Motion to Dismiss. Defendants have filed a motion to dismiss this appeal on the ground that no actual controversy now exists between the parties as to the matters involved in said appeal and that all such questions are abstract, hypothetical and moot. This motion must be passed upon before any consideration of plaintiffs' contentions on the merits can be had. That every act and thing which plaintiffs sought to enjoin defendants from performing during the pendency of this action has been fully and completely done and performed is beyond question on the face of the record. Many of these acts, the creation of the district, the sale of bonds, letting contract and partial completion of the work, were done before the court's hearing on the order to show cause September 20, 1946. Since that time, as we have above pointed out, all the remaining acts which might or could be done for the completion of the work in special improvement district No. 144 and the levying of assessments for the cost thereof, have been completed and there remains nothing which either this court or the trial court can now do by way of forbidding acts already accomplished.
That this somewhat unusual situation has rendered moot the[2] questions presented on this appeal cannot be doubted and this court has repeatedly held that it will not pass upon moot questions. See State ex rel. Hauswirth v. Beadle, 90 Mont. 24, *Page 533 300 P. 197; and cases cited therein. This rule also finds support in many cases from other jurisdictions. See Hudspeth v. Commonwealth, 204 Ky. 606, 265 S.W. 18; State ex rel. Schwartz v. Jones, 61 Wyo. 350, 157 P.2d 993; United States v. Hamburg Amerikanische etc., 239 U.S. 466, 36 S. Ct. 212, 60 L. Ed. 387; Londoner v. City of Denver, 52 Colo. 15, 119 P. 156.
Appellants' complaint is strictly one for injunctive relief[3] and it is settled that injunction will not lie to prevent an act already committed. State ex rel. Tillman v. District Court, 101 Mont. 176, 53 P.2d 107, 103 A.L.R. 376. See also Iverson v. Dilno, 44 Mont. 270, 119 P. 719; Hauswirth v. Beadle, supra, and Edwards v. City of Reno, 45 Nev. 135,198 P. 1090. The latter was a case almost identical with ours in which the court held that the record presented only a moot question, quoting with approval the following general rule from High on Injunctions, 4th Ed., section 1701a: "Where an appeal is taken from an order dissolving or denying a preliminary injunction or dismissing the bill, and, pending the appeal, the act sought to be restrained has been accomplished, that fact, upon being brought to the attention of the reviewing court by motion supported by affidavit affords sufficient ground for dismissing the appeal, the dismissal being without prejudice."

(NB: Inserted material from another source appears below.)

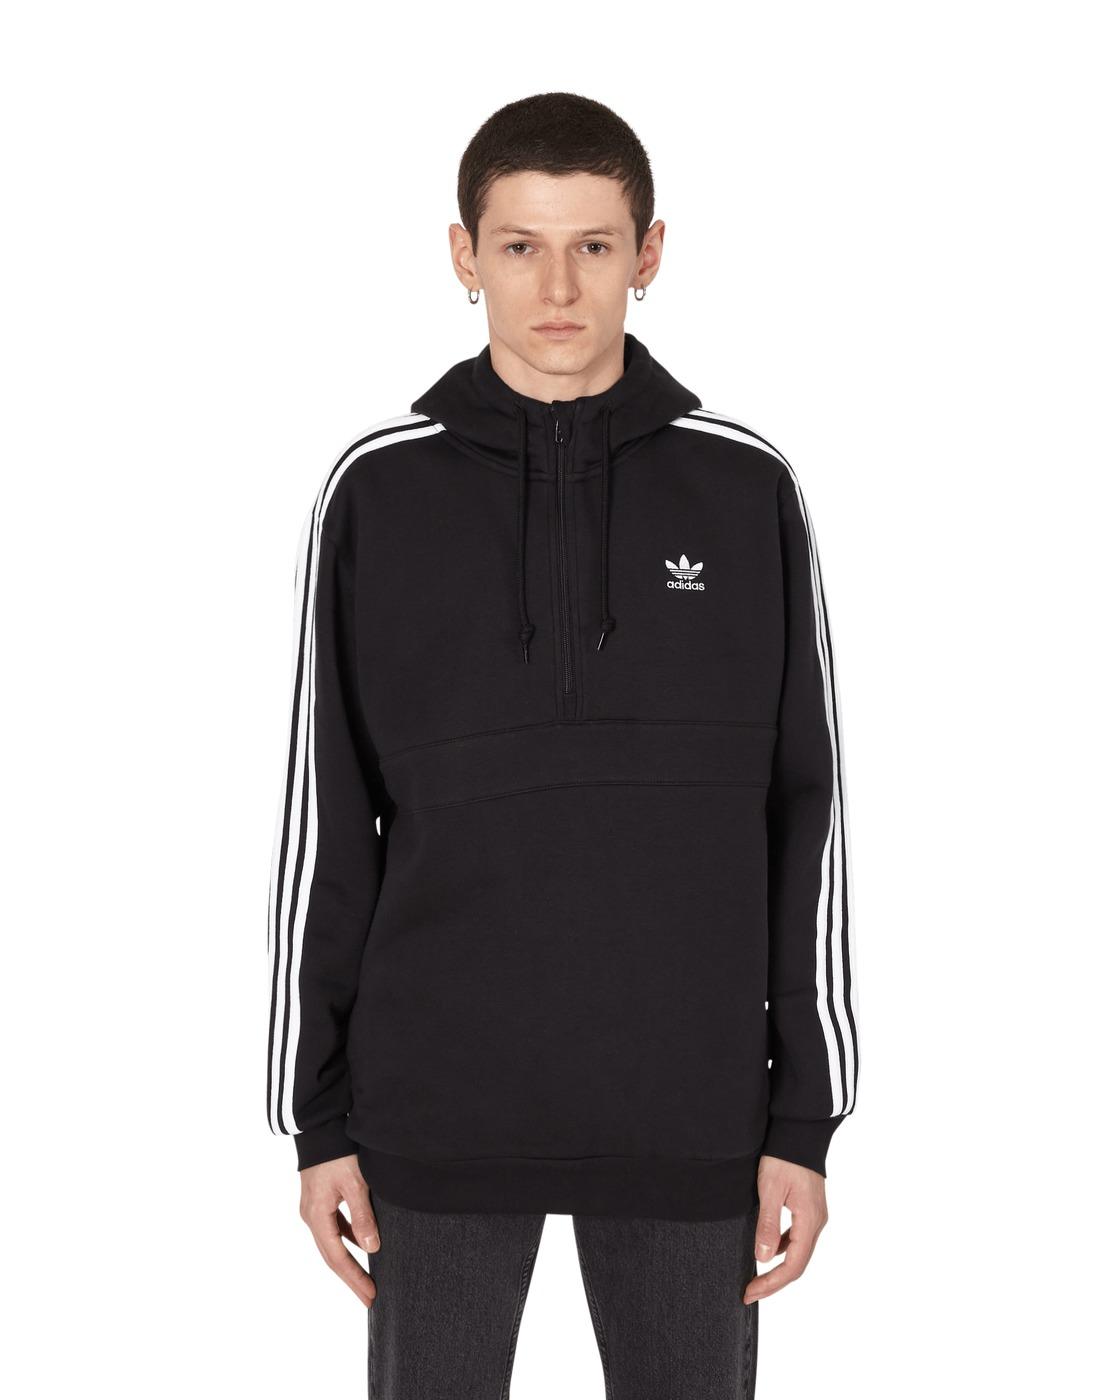 Adidas Originals 3 Stripes Hooded Sweatshirt Black

It is with some reluctance that we have reached the conclusion[4] that defendants' motion to dismiss must be granted since nothing now remains upon which injunction or restraining order can operate and a reversal of the trial court's order denying the injunction pendente lite would, on the facts presented, be an idle and useless act since we cannot enjoin the doing of that which has been done.
This disposal of the instant case will not prevent determination of the validity of the improvement district in other suitable action. In fact, we understand that two owners of property in the district have already paid their assessments under protest and have brought action to recover same, in which action the *Page 534 contentions here made may properly be presented and adjudicated.
Defendants' motion to dismiss this appeal is granted.
Mr. Chief Justice Adair and Associate Justices Angstman and Metcalf and the Honorable William Taylor, District Judge, sitting in place of Mr. Justice Gibson, disqualified, concur.